B) Drill, countersink and nut and bolt the two together. 

C) Some kind of mystical crimping ass'y which I know nothing of. (and not interested in) 

Finally, a brain wave and a forum search on "glue" did not quite get me the answer I need. 

So the million dollar question... is there a "glue" out there for aluminum to aluminum? 

Thanks in advance for your replies. 

gg 

PS: This instrument tray stuff is really neat. Loco transport, bridge construction, wall displays etc. Strong, light with no flex. Will post pics later.


----------



## Totalwrecker (Feb 26, 2009)

Pop rivets are more dependable, though I'm pretty sure that areospace has some good glues. 

Back to the rivets; if you can drill a hole and squeeze a handle, you can do rivets. 

Might want to widen your horizon, it's not an expensive tool. 

John


----------



## GG (Jan 1, 2009)

Posted By Totalwrecker on 16 Aug 2009 05:12 PM 
Pop rivets are more dependable, though I'm pretty sure that areospace has some good glues. 

Back to the rivets; if you can drill a hole and squeeze a handle, you can do rivets. 

Might want to widen your horizon, it's not an expensive tool. 

John 
Agreed, I must think outside the box.... ummmm... Nice idea this rivet bit. Results are low profile and would not interfere with loco or track loading side. Aluminum rivets and where do I buy this fearless machine. Auto parts store comes to mind off the cuff. 

Thanks for the feedback John. 

Gavin


----------



## Totalwrecker (Feb 26, 2009)

One time use? Harbor freight..... 

google it 

your welcome 
John


----------



## altterrain (Jan 2, 2008)

Someone posted this link on the Aristo board. Looks pretty neat - http://www.durafix.com/ 

-Brian


----------



## Semper Vaporo (Jan 2, 2008)

Depending on the thickness of the aluminium, the DuraFix, Alumaloy and other Aluminium "welding" (?) stuff can work very well.

I filled a 1/2 inch square hole in a 1.25 square 6061 alminium bar 8 inches long (the hole was through the 1.25 inch thickness of the bar). I clamped the metal bottom of a Pringles' potato chips "can" to form a dam on the bottom of the hole. I had to heat the bar for about 10 minutes before I could get it hot enough for the rod to melt when touching the sides of the hole, but once I got it H*O*T!!!! it worked quite well. I had one small dribble out the bottom where the metal can bottom warped a bit.

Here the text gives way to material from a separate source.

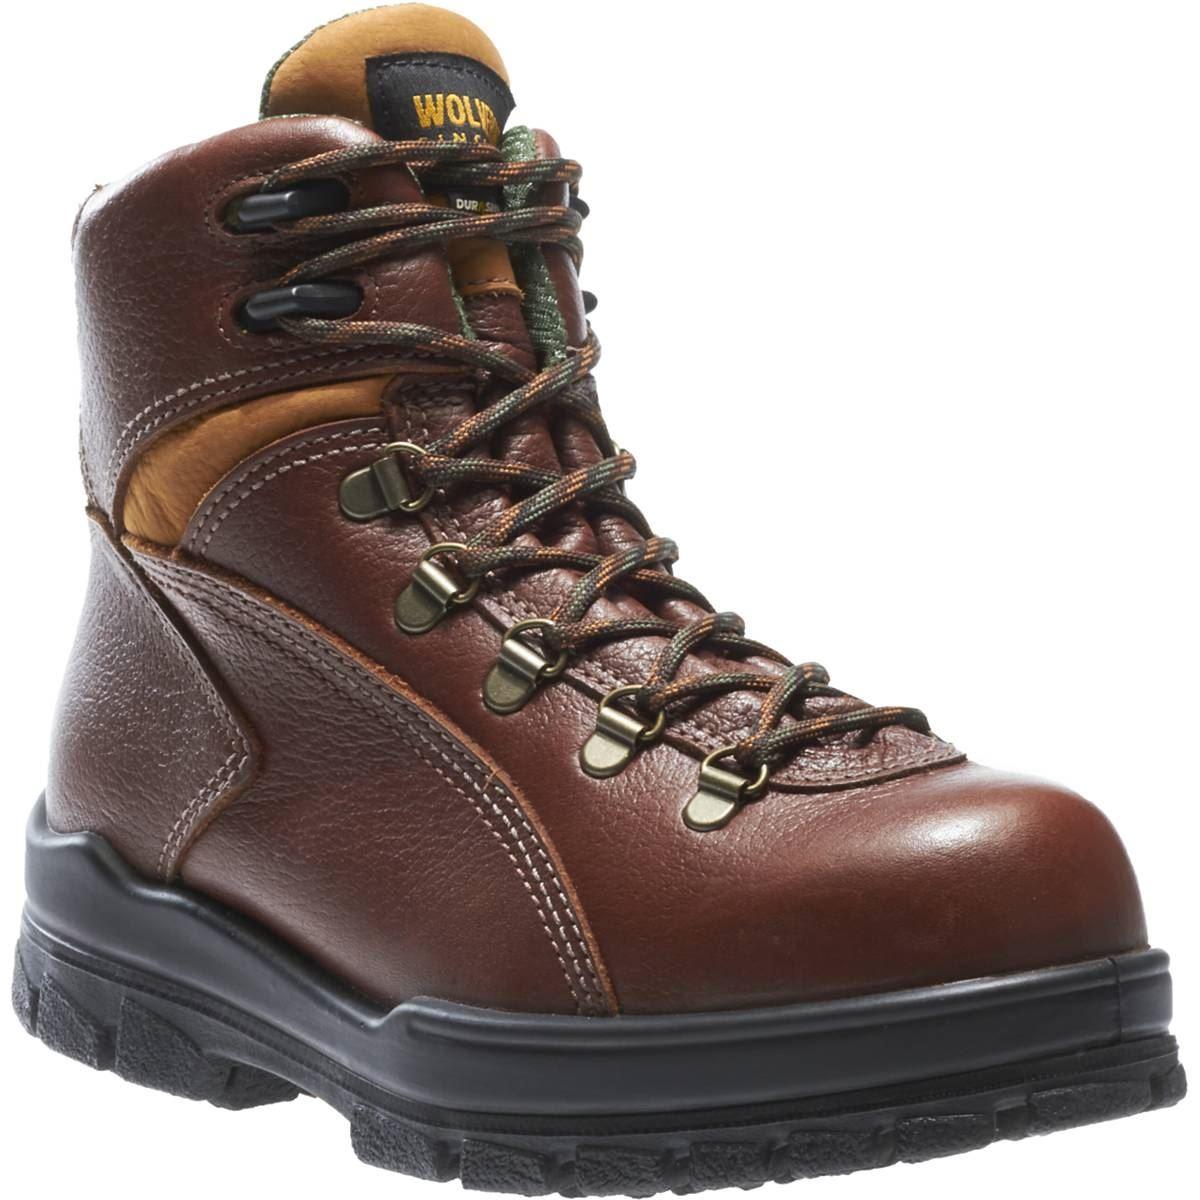 wolverine womens durashocks steel toe waterproof eh 6

I did note that in this 1/2x1/2x1.25 hole had a LOT of shrinkage as it cooled. I had to build up mound on top so I didn't end up with a dimple. I then did some grinding and heavy sanding to get the filler material down flush with the original surface of the bar. Once ground down it was just a bit darker in color than the bar.

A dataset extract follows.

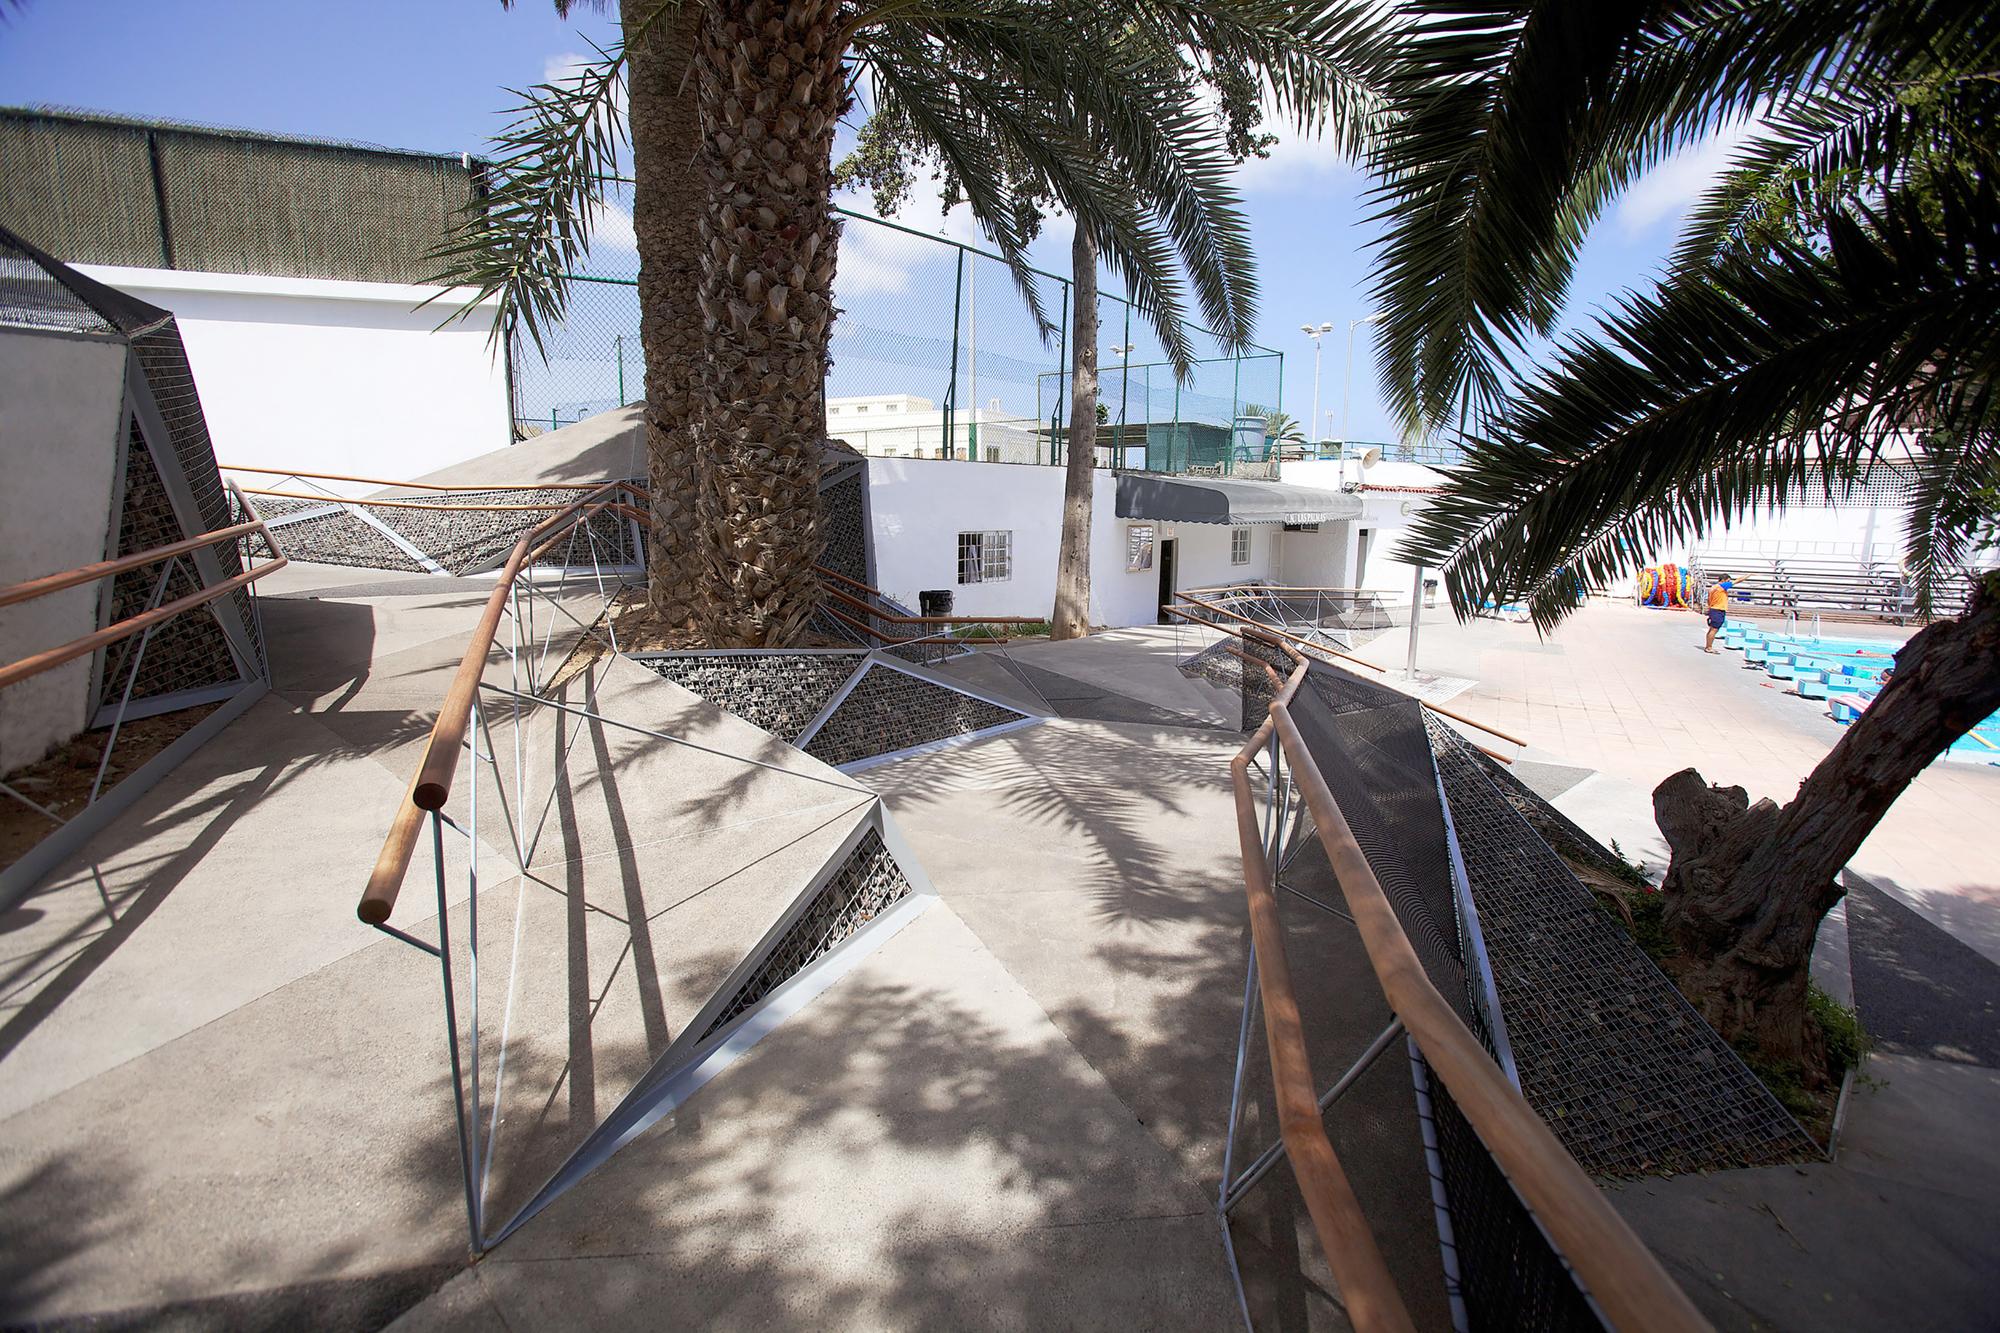 Construcci n triangular genera una escalera y rampa que for Piscina julio navarro

I re-drilled the hole in the other direction through the bar and found that drilling the filler material was much easier and 'cleaner' than through the bar. The filler material is quite solid in the original hole... i.e.: it bonded well.

I have not tried welding a bar to another bar or plate with this stuff yet, but I suspect it will be good for that AFTER I get good at working with it (like any welding!). There does seem to be a bit of an art and feel for how to heat the material to be bonded.

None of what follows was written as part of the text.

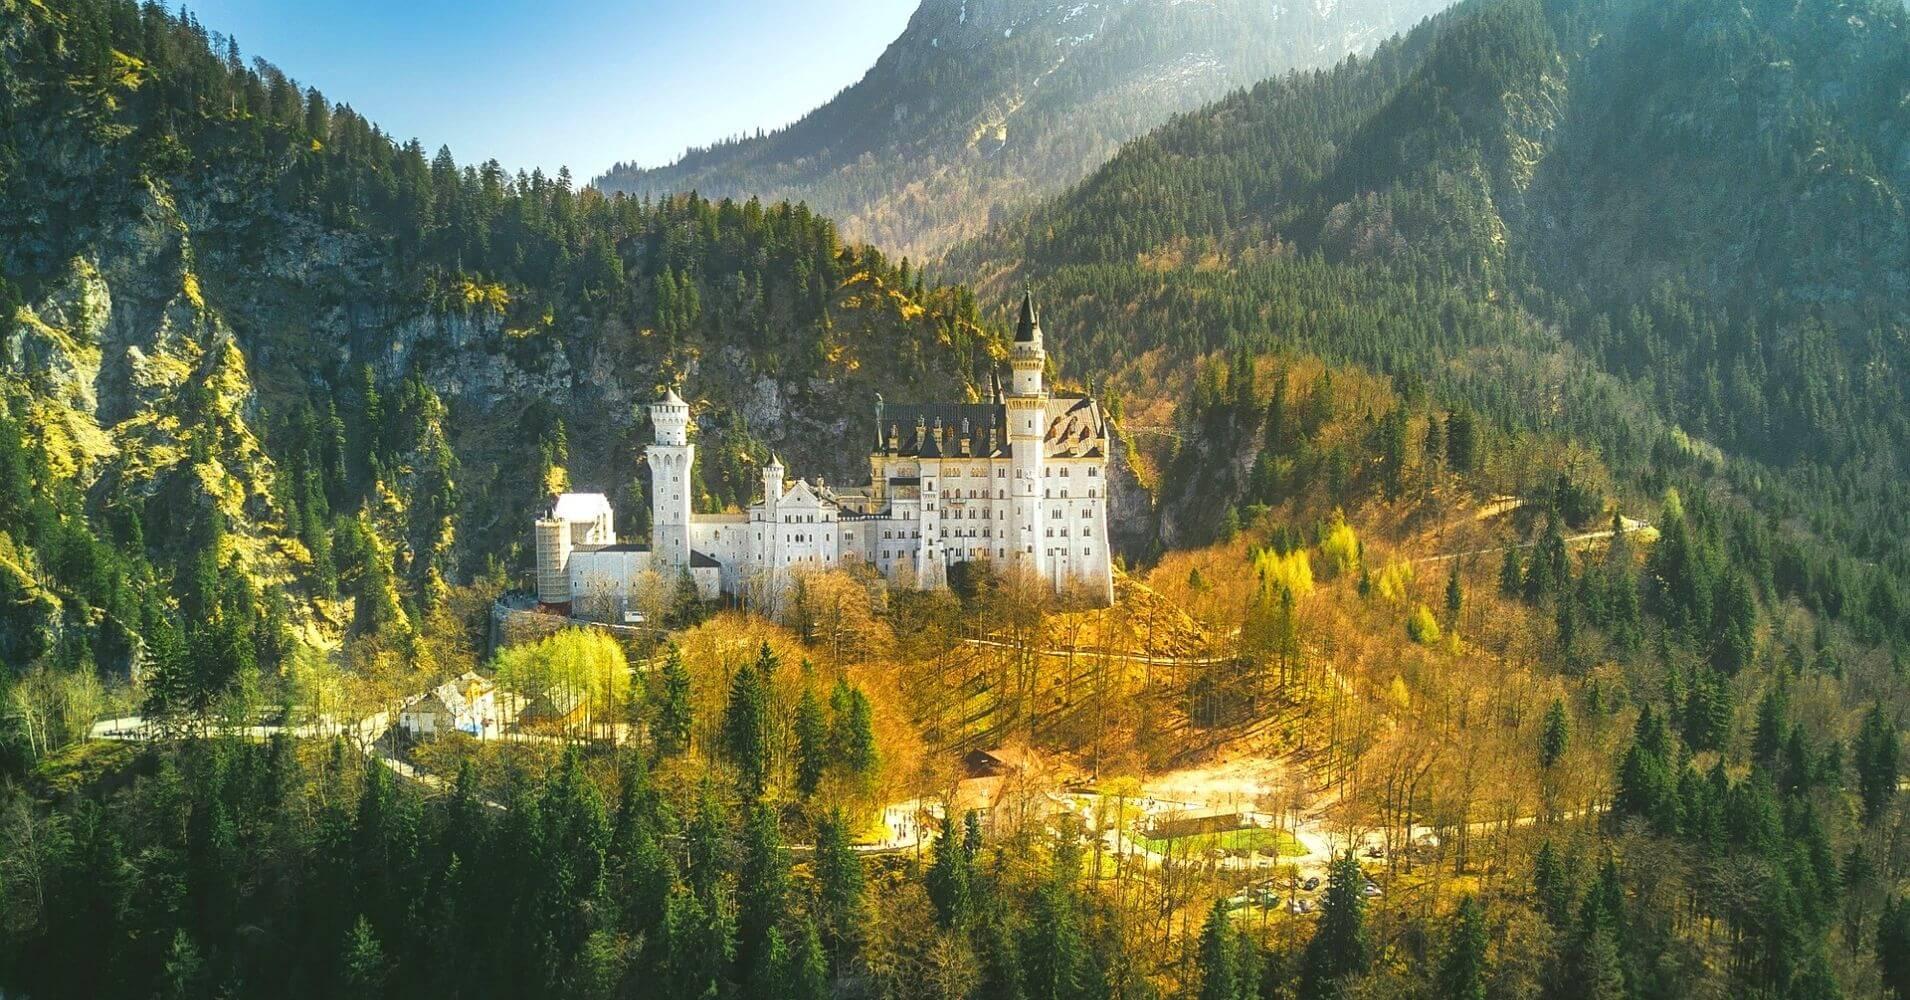 Morada del Rey Loco en Baviera. Alemania.

My son did some welding with it on a lawn mower deck and he was not satisfied with the looks of the work so he reheated it "just a bit" to try to get the surface less blobby and ALL the welding material dribbled off onto the ground, so be careful just how hot you get it or make sure it is held in place via dams or such. The stuff is rather expensive and I figure he put about $1.00 worth on the ground!


----------



## Torby (Jan 2, 2008)

I've been wondering the same thing. I'd like to build a carrier for my Mallet. Lowes has lots of aluminum stock.


I've thought of using Aluminum angles for the base and "rails" that fit outside the rails. Lowes has 2inch 1/16th thick angle for $20 for a 4ft section. Hmm, that's about the whole budget for the project. I'd use a thinner piece to go over the rail head itself when you set it in place on the track.They have 1 1/2 inch aluminum angles that are thinner at a more reasonable price, but I worry about kinking it while carrying it. 


Here's a quick sketch. I'd use a 1 inch dowell for the handle.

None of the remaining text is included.